A fresh and fascinating reappraisal of the first half of the 20th
century from one of our foremost historians.
'War, comrades, ' declared Trotsky, 'is a great locomotive of history.'
He was thought to be acknowledging the opportunity the First World War
had offered the Bolsheviks to seize power in Russia in 1917.
Twentieth-century warfare, based on new technologies and mass armies,
certainly saw the locomotive power of war geared up to an unprecedented
level.
Peter Clarke explores the crucial ways in which war can be seen as a
prime mover of history in the 20th century through the eyes of five
major figures. In Britain two wartime prime ministers - first David
Lloyd George, later Winston Churchill - found their careers made and
unmade by the unprecedented challenges they faced. In the United States,
two presidents elected in peacetime - Woodrow Wilson and Franklin
Roosevelt - likewise found that war drastically changed their agenda.
And it was through the experience of war that the economic ideas of John
Maynard Keynes were shaped and came to exert wide influence.

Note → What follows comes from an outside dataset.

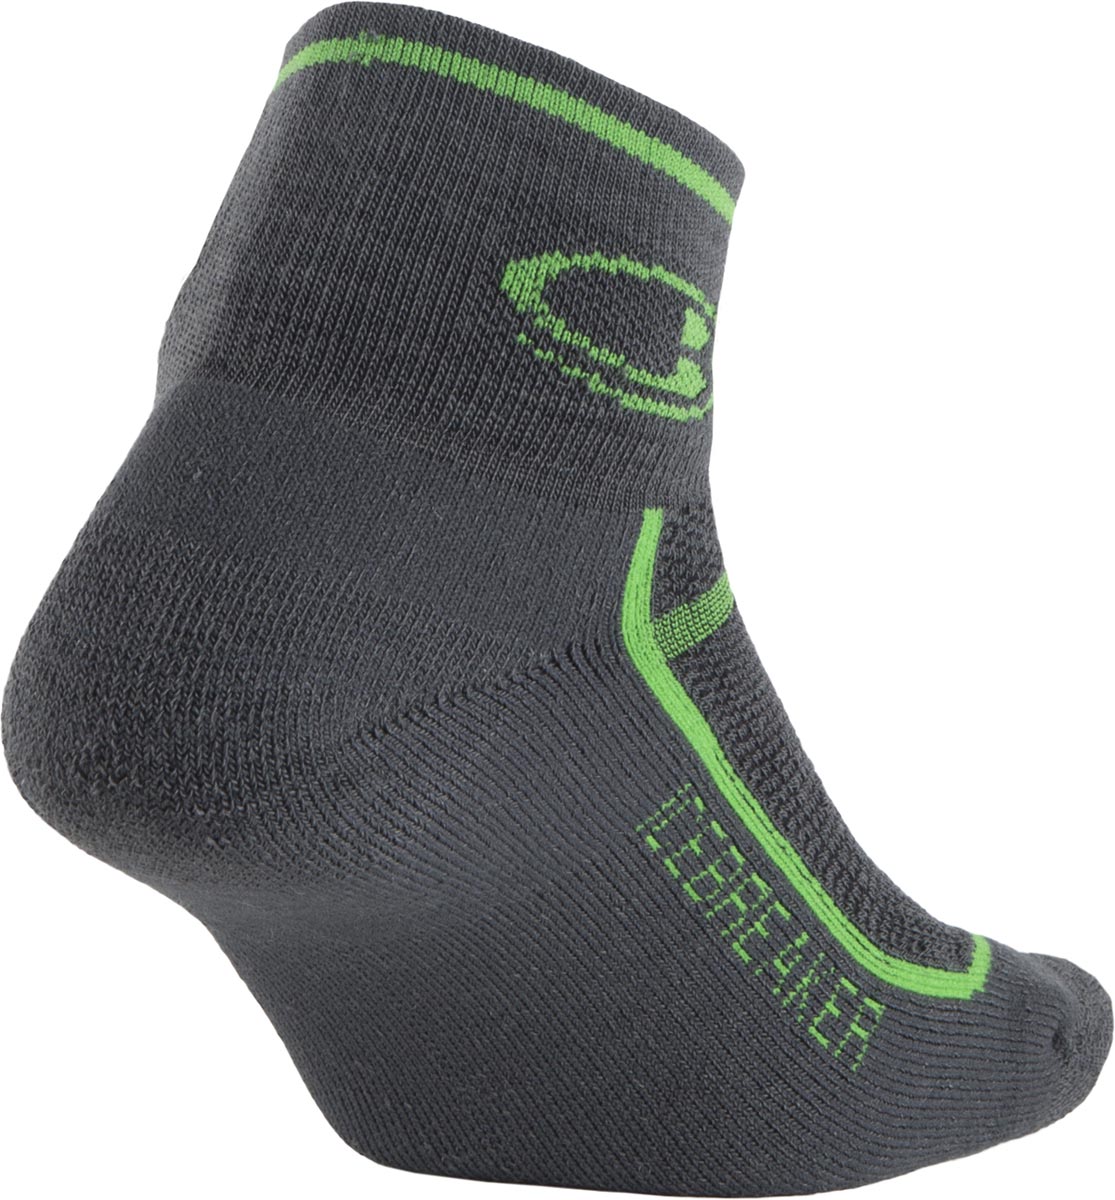 MULTISPORT CUSHION MINI - Technical socks

When the United States entered the First World War in 1917, President
Wilson famously declared: 'The world must be made safe for democracy.'
This liberal prospectus was to be tested in the subsequent peace treaty,
one that was to be bitterly remembered by Germans for its 'war guilt
clause'. But both in the making of the war and the making of the peace,
the issue of guilt did not suddenly materialise out of thin air. As
Clarke's narrative shows, it was an integral component of the
Anglo-American liberal tradition.
The Locomotive of War is a forensic and punctilious examination of
both the interplay between key figures in the context of the
unprecedented all-out wars of 1914-18 and 1939-45 and the broader
dynamics of history in this extraordinary period. Deeply revealing and
insightful, it is history of the highest calibre.